You should be rewarding good service.

------
hdivider
Gamification quite rightfully takes a lot of flak. Earning meaningless shiny
coins in order to compete for some position in the leaderboards makes the
process feel somewhat shallow, even silly. Successful games don't have this
problem.

However, I don't believe that the emotional rewards of playing a well-crafted
game that was at least tangentially based on some otherwise boring real-world
activity are meaningless.

Some people might say that the folks who made DragonBox have essentially
'gamified' the learning of basic algebra - but I'd say they did a pretty solid
job. I don't get the sense of conceptual shallowness from it that is usually
present in such games.

Some things can be turned into games with an almost 1:1 map between game
mechanics and the equivalent real world activity. Some games (like one I'm
currently making, which involves somewhat more advanced mathematics) wouldn't
work with such a map, but instead benefit from a more oblique approach.
Consider how games like Sid Meier's Civilizations or Age of Empires teach
history, or how the codex entries and galaxy map in Mass Effect might at least
open some people's minds to concepts in frontier physics or planetary science,
respectively. This is still quite unexplored territory.

I believe similar things can be achieved for more precise and even advanced
concepts, although by imparting a more refined understanding to the player.
The key is to carefully choose small sections of a subject that are amenable
to being mapped obliquely (not 1:1) to game mechanics, while being careful to
make the 'game' part feel 100% genuine.

The term 'gamification,' however, seems to imply that you can take a
boring/repetitive/unpleasant thing in the real world, throw a half-decent game
designer at it and some programmers, and you end up with a game that turns all
aspects of that activity into something that not only produces the same real-
world benefit, but is also fun. I don't think this is possible in general -
only in very specific cases.

The point is that the information cost of turning something into a game is not
zero, and is measured by the degree of simplification and loss of rigour or
real-world value. As long as the gamifiers are willing to make subjective
calculations like these, I'm all for it, but not if they claim that the
gamified thing is functionally equivalent to the real thing.

------
ogiraldog
As Richard said it’s good to see someone taking a critical look at how
Gamification is applied to Customer Service.

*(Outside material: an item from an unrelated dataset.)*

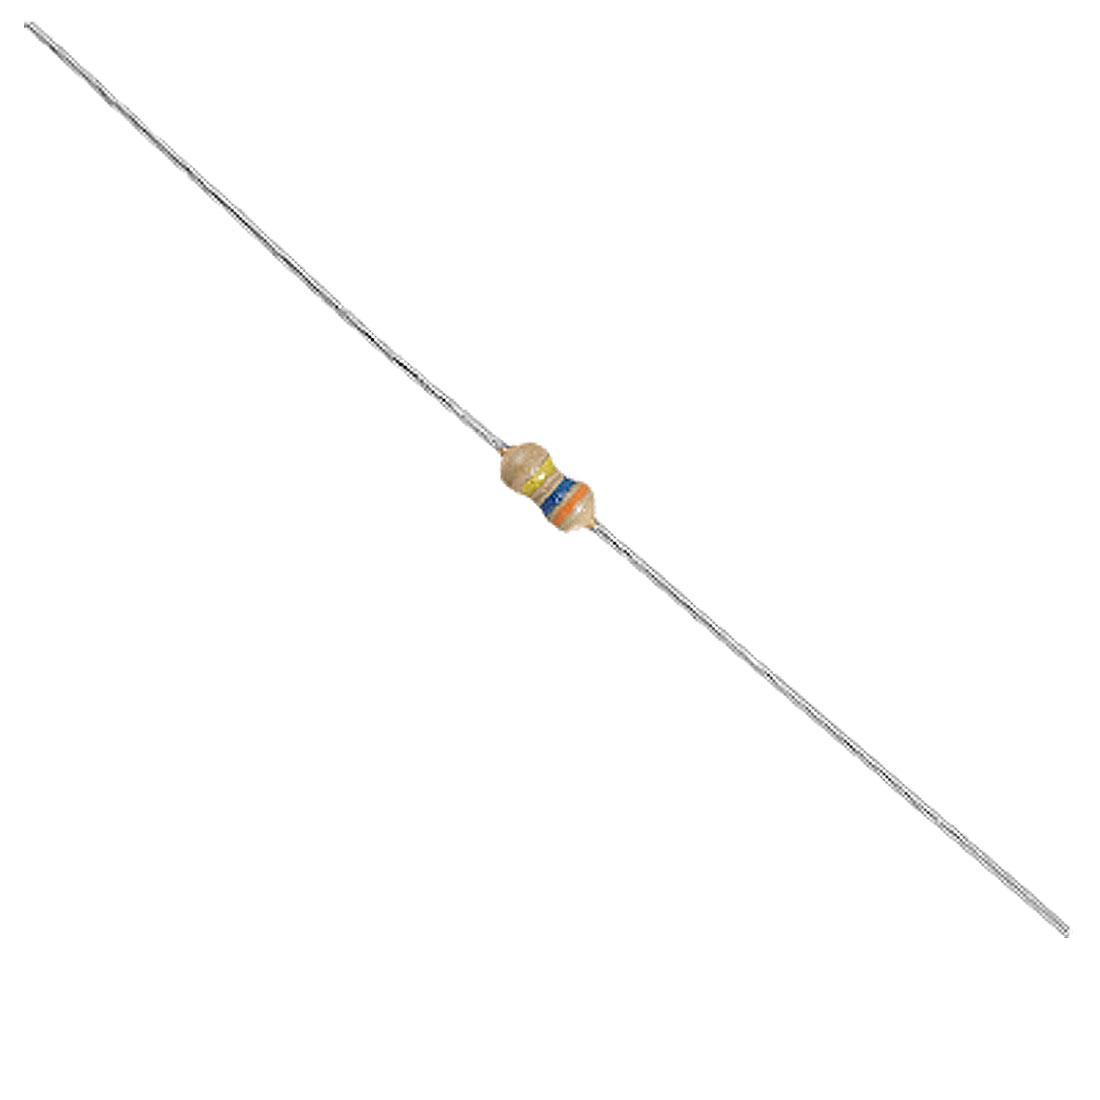 1/6W Watt 360K ohm 5% Axial Carbon Film Resistor x1000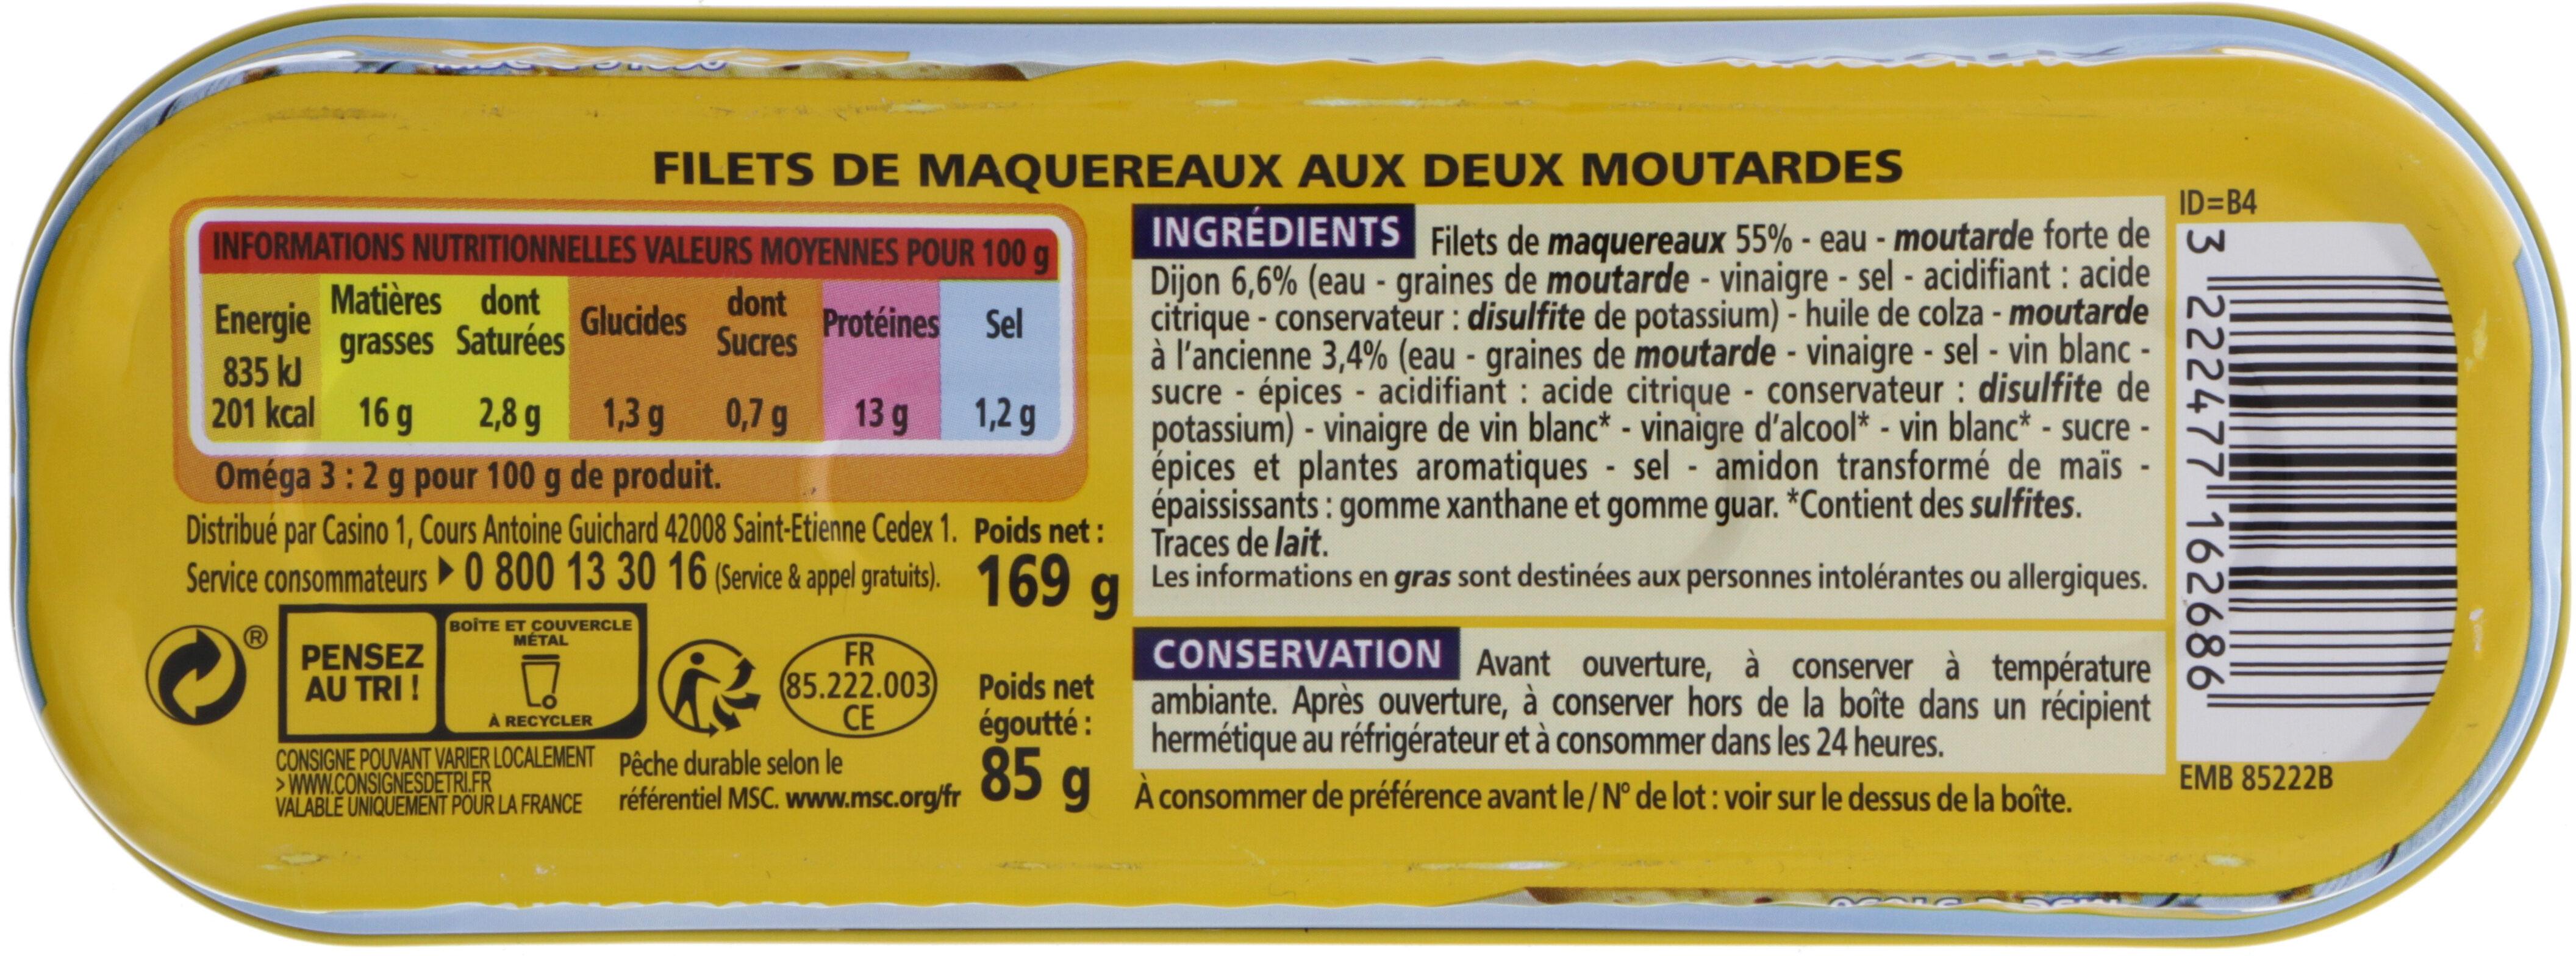 Filets de maquereaux - Voedingswaarden - fr

Running a Call Center is not an easy task. The easy part is adapting to and
using the technology needed to run it. The big challenge comes down to people
related issues that are more psychological than technological. Call Centers
are driven by metrics, which in itself is not a negative thing. The issue
appears when managers forget how their agent’s emotion and motivation are
behind the metrics. At the end of the day, business success depends on
people’s performance, how Call Center managers and directors are able to
manage employee expectations, motivation, and align their personal goals with
company goals over time.

Call Centers are capable of generating large volumes of information every day,
but this data is only available to a select few people. What about the Agents?
I believe that data should be available on a personal level to empower
learning and performance. Giving them access to this data will transform the
Call Center by bringing transparency and meritocracy. Recognition becomes easy
when this information is available.

Most Gamification platforms lack the necessary focus to understand business
processes and problems that add real value to their customers. Instead, they
are in the business to Gamify everything. I think this is wrong, you can’t
transform the Customer Service industry just by giving points or posting
agents on leaderboards.

We created PlayVox with the idea to make Call Centers better places to work. I
know how difficult the work is and strongly believe that little changes will
help transform this workplace and generate great results. We believe in a more
meritocratic and more transparent place to work, where recognition, promotion
and pay are based on performance and not politics. Gamification or not I think
Call Centers need to humanize the metrics and recognize people for their
contributions.

At the end of the day, I don’t think Gamification is right or wrong, it simply
depends on the context, the problem and how techniques are applied to change
people’s behavior for the better.

Oscar Giraldo, Founder & CEO, <http://PlayVox.com>

------
saurik
Relevant: <http://www.amazon.com/gp/aw/d/0618001816>

Punished by Rewards: The Trouble with Gold Stars, Incentive Plans, A's,
Praise, and Other Bribes